Clients get better results and you capture more wallet share when CTV is part of comprehensive strategies rather than isolated campaigns.


Choosing white-label partners based solely on price destroys long-term value. The cheapest partner often cuts corners on support, technology, or inventory quality. Partner selection should weigh pricing, technology and UX, support quality and responsiveness, and inventory access and relationships. Medium-priced partners who excel on non-price factors usually deliver better results and client satisfaction.


The Competitive Advantage Is Real and Time-Limited


The numbers don't lie. 56% of global marketers are increasing CTV and OTT advertising spend in 2025, up from 53% in 2024. Your clients are either asking you about CTV now or will be within six months. The question isn't whether to offer it.

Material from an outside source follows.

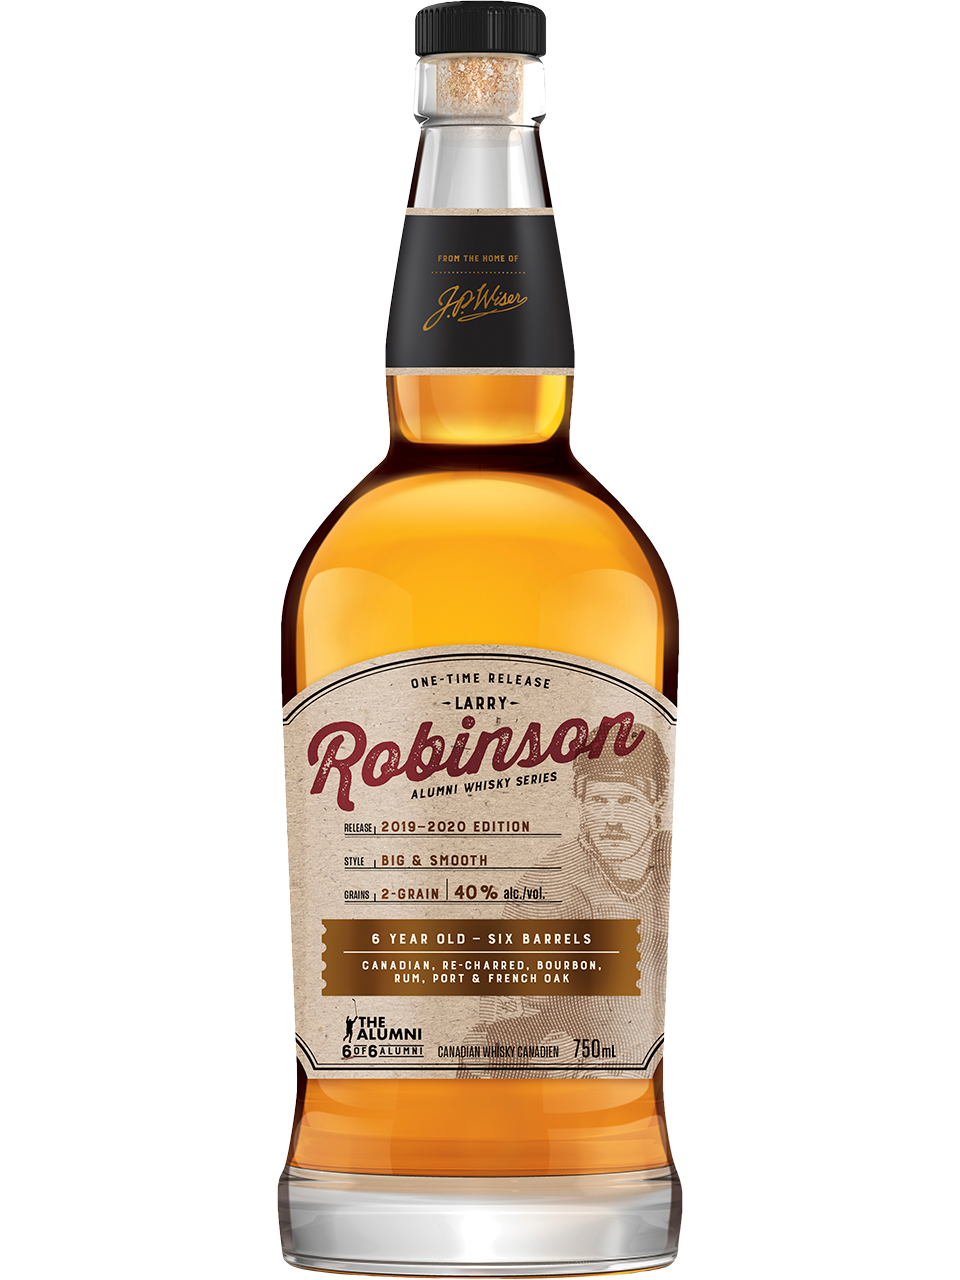 Larry Robinson Alumni Series Whisky

The question is whether you'll build capabilities fast enough to capture the opportunity.


white-label CTV removes the biggest barriers to entry: massive capital investment (hundreds of thousands in annual fixed costs eliminated), specialized expertise (access to decade+ of collective CTV experience), technology infrastructure (enterprise-grade platforms without licensing costs), and inventory relationships (premium platform access without direct negotiations).

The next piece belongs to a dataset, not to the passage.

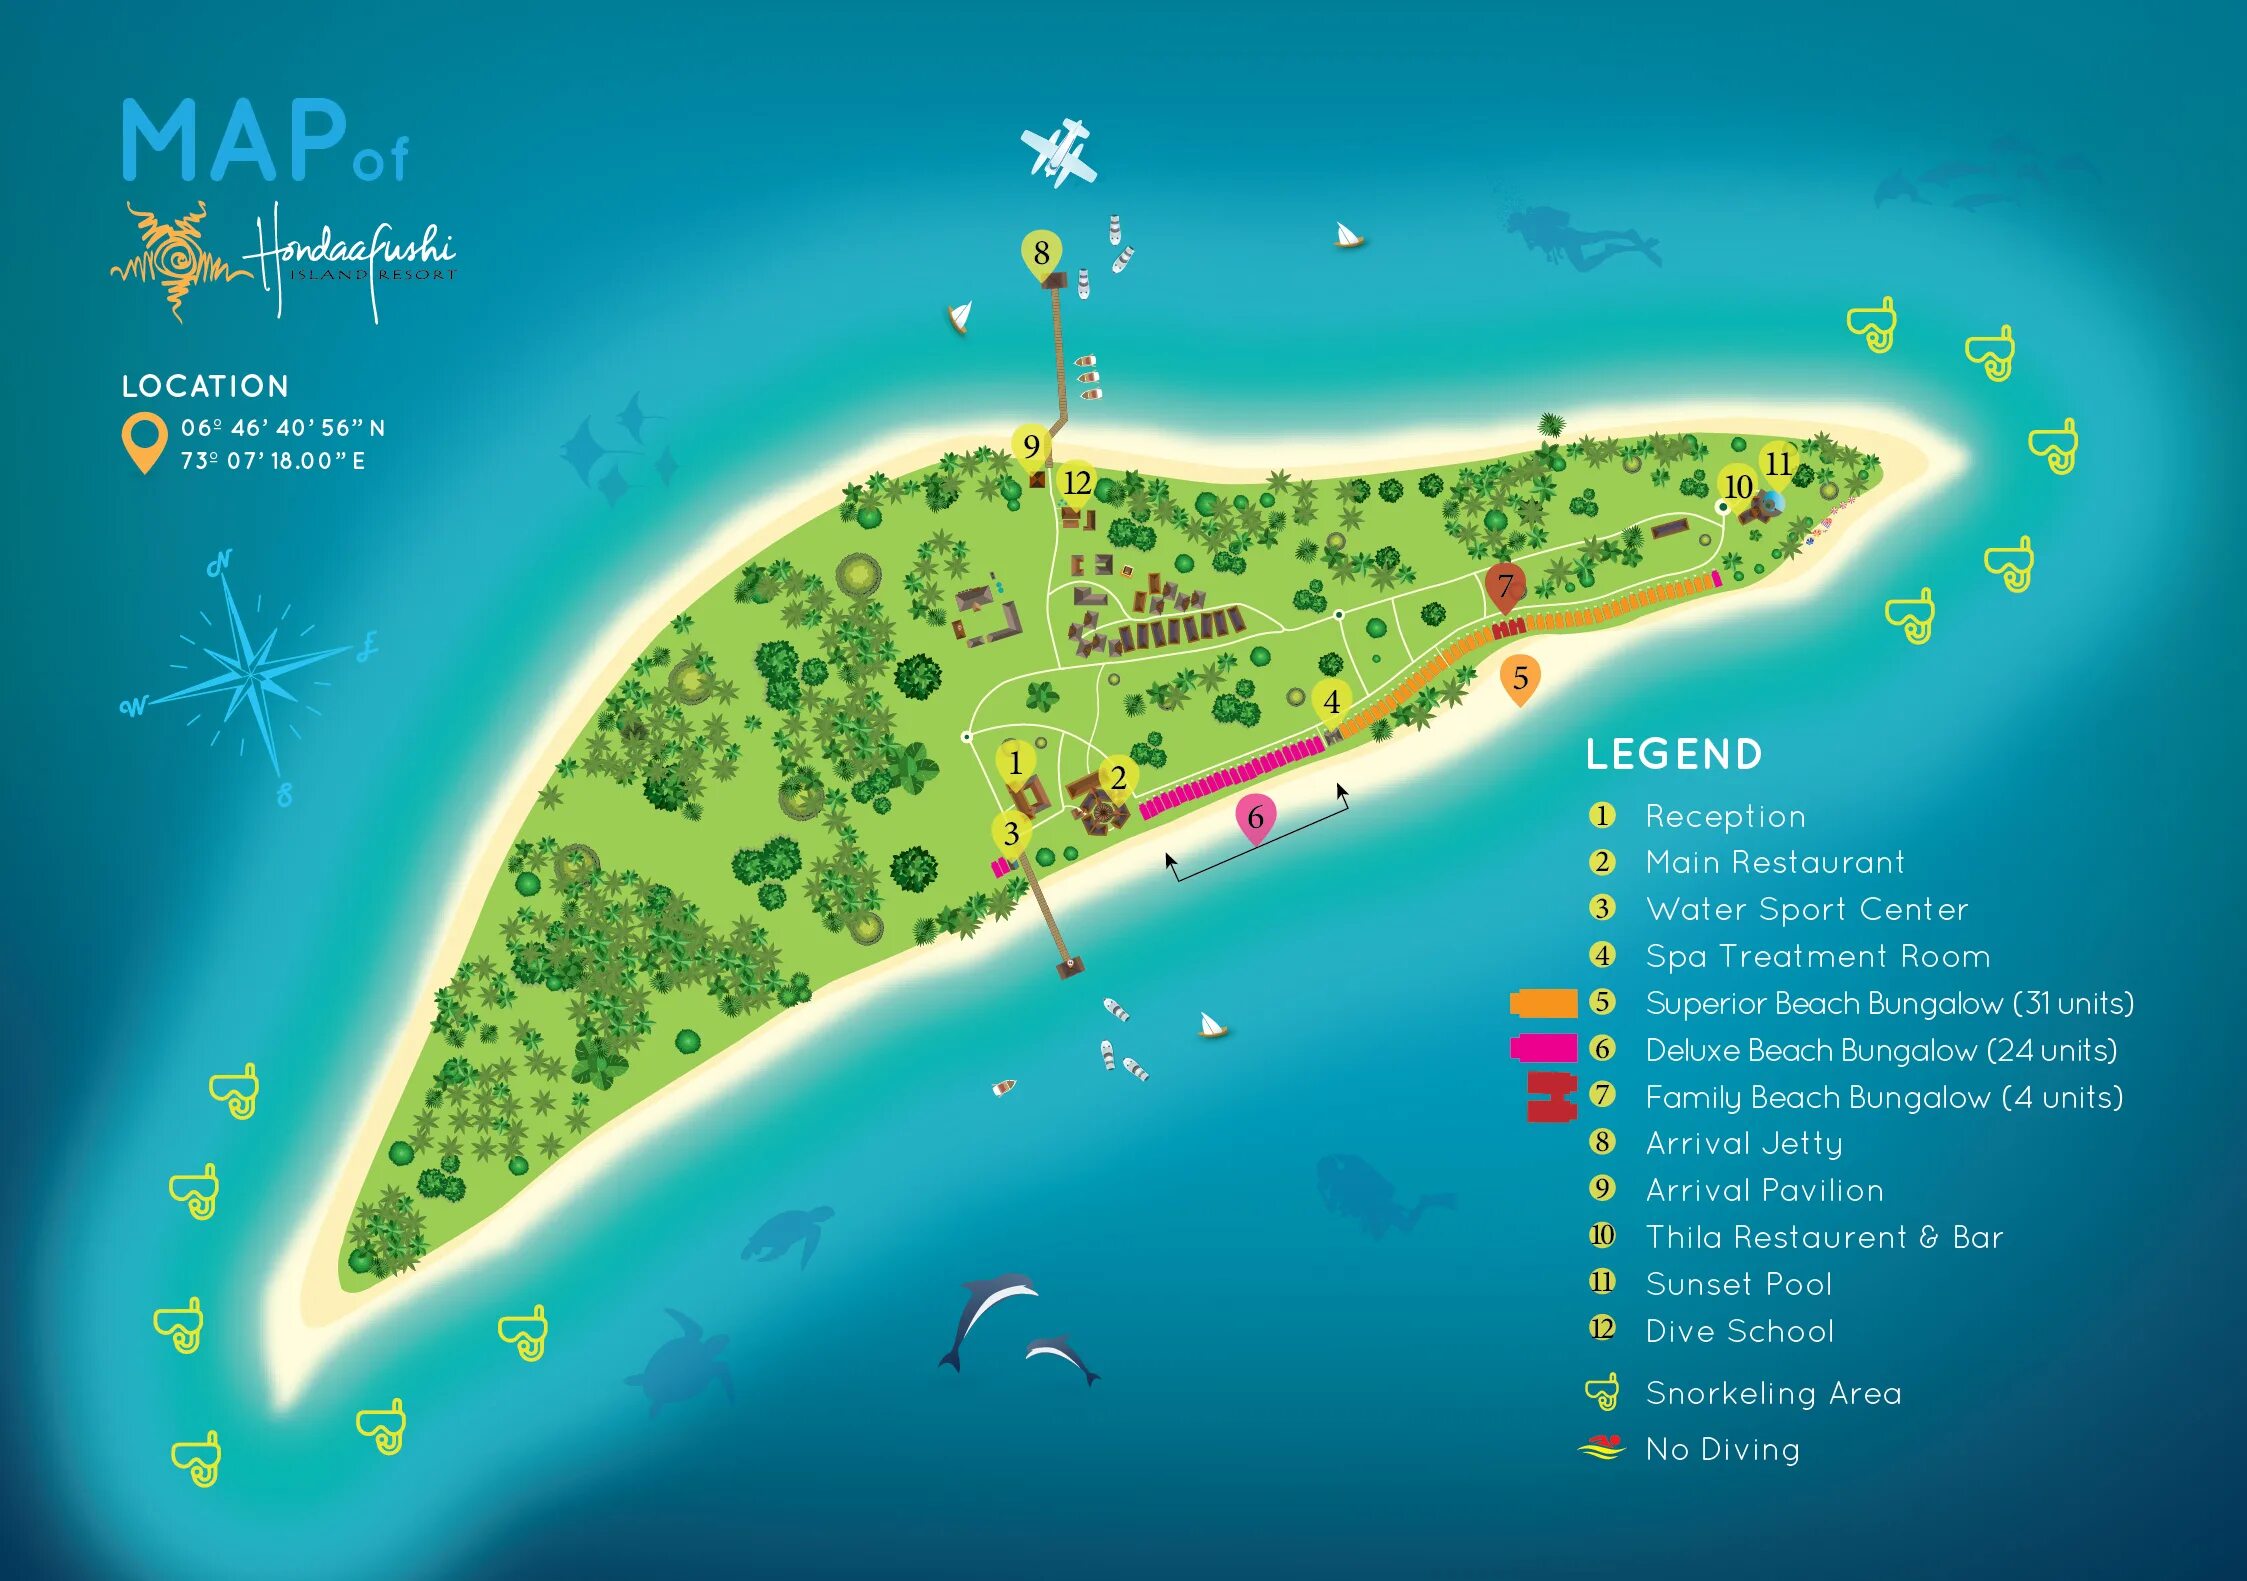 Hondaafushi island 4. Отель Hondaafushi Island Resort. Hondaafushi Island Resort 4 карта отеля. Meeru Island Resort карта отеля. Meeru Island Resort 4 карта острова.

You get enterprise-level capabilities with startup-level flexibility and risk. Your clients get sophisticated television advertising without enterprise budgets.

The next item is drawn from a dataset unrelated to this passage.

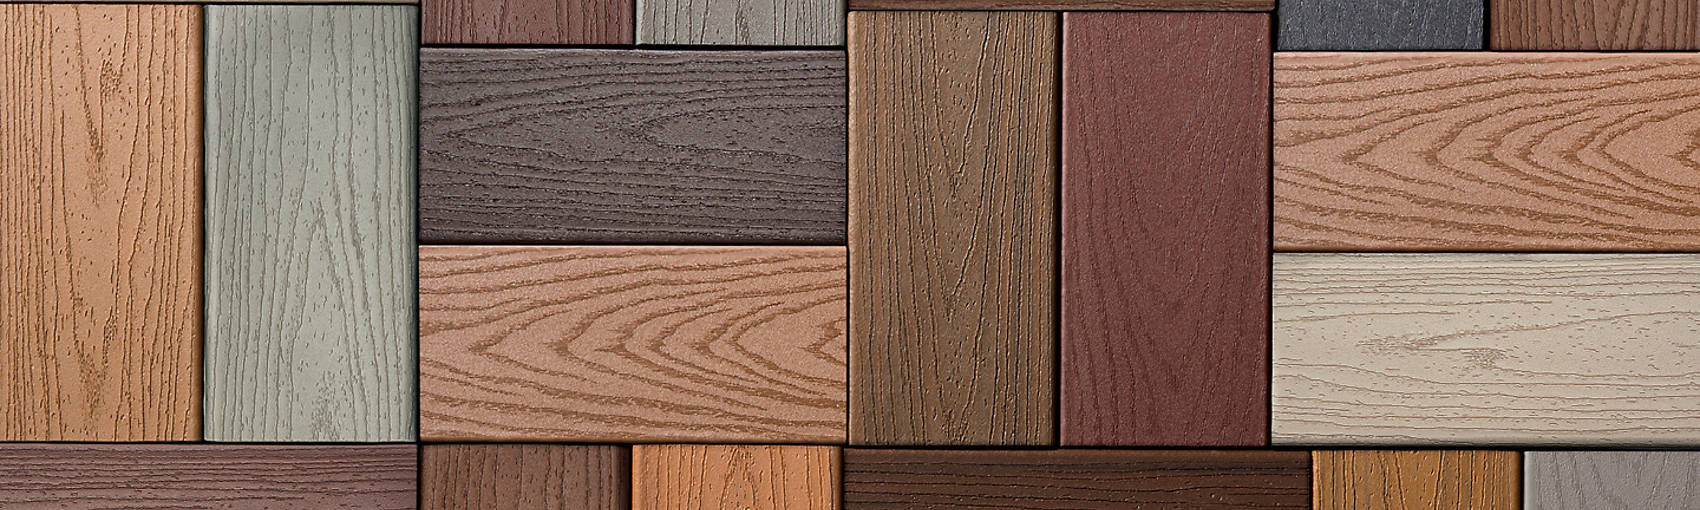 screening hardwood floors cost of composite decking composite deck materials trex pertaining to trex color selector hero 2

The agencies succeeding with white-label CTV share common characteristics. They partnered early while competition was lower. They invested in client education and case study development (treating the first year as market development, not just revenue generation). They integrated CTV into broader omnichannel strategies rather than treating it as standalone. They systematized workflows so CTV became repeatable and profitable rather than one-off custom projects.


Most importantly, they recognized that CTV isn't replacing other channels. It's expanding the addressable market for video advertising. Clients who could never afford traditional TV campaigns can now run targeted connected TV at accessible price points. That's net new revenue, not just budget reallocation.

The window won't stay open forever. As programmatic advertising is expected to account for over 85% of all digital ad spending in 2025, competition for white-label partnerships will intensify. The best providers will become increasingly selective about which agencies they partner with, favoring those with demonstrated commitment, appropriate client portfolios, and revenue potential.


Your competitive positioning strengthens with every month of CTV experience. Three months from now, you'll have case studies. Six months from now, you'll have systematic workflows. Twelve months from now, you'll have proven expertise and client testimonials. Your competitors trying to catch up will face the exact challenges you'll have already solved.


The market is moving regardless of whether you're ready. CTV ad spend will reach $26.6 billion in 2025, representing a massive revenue opportunity. Some agencies will capture that opportunity through white-label partnerships that let them move quickly, learn efficiently, and scale profitably. Other agencies will watch from the sidelines, either paralyzed by the complexity of building in-house or unaware of how accessible white-label makes this channel.


Your move is straightforward: evaluate 3-5 white-label CTV partners in the next two weeks. Run demos, ask tough questions, check references. Select the partner that best aligns with your agency positioning, client base, and service philosophy. Complete onboarding and launch pilot campaigns within 30 days.


The agencies that move now will capture market share while it's still available. The agencies that wait will eventually enter a more crowded, competitive market where easy wins are gone and client expectations are higher. The opportunity is real, substantial, and available right now to agencies willing to take action.

white-label CTV ensures you're positioned to capture that opportunity rather than watching competitors take revenue that should be yours.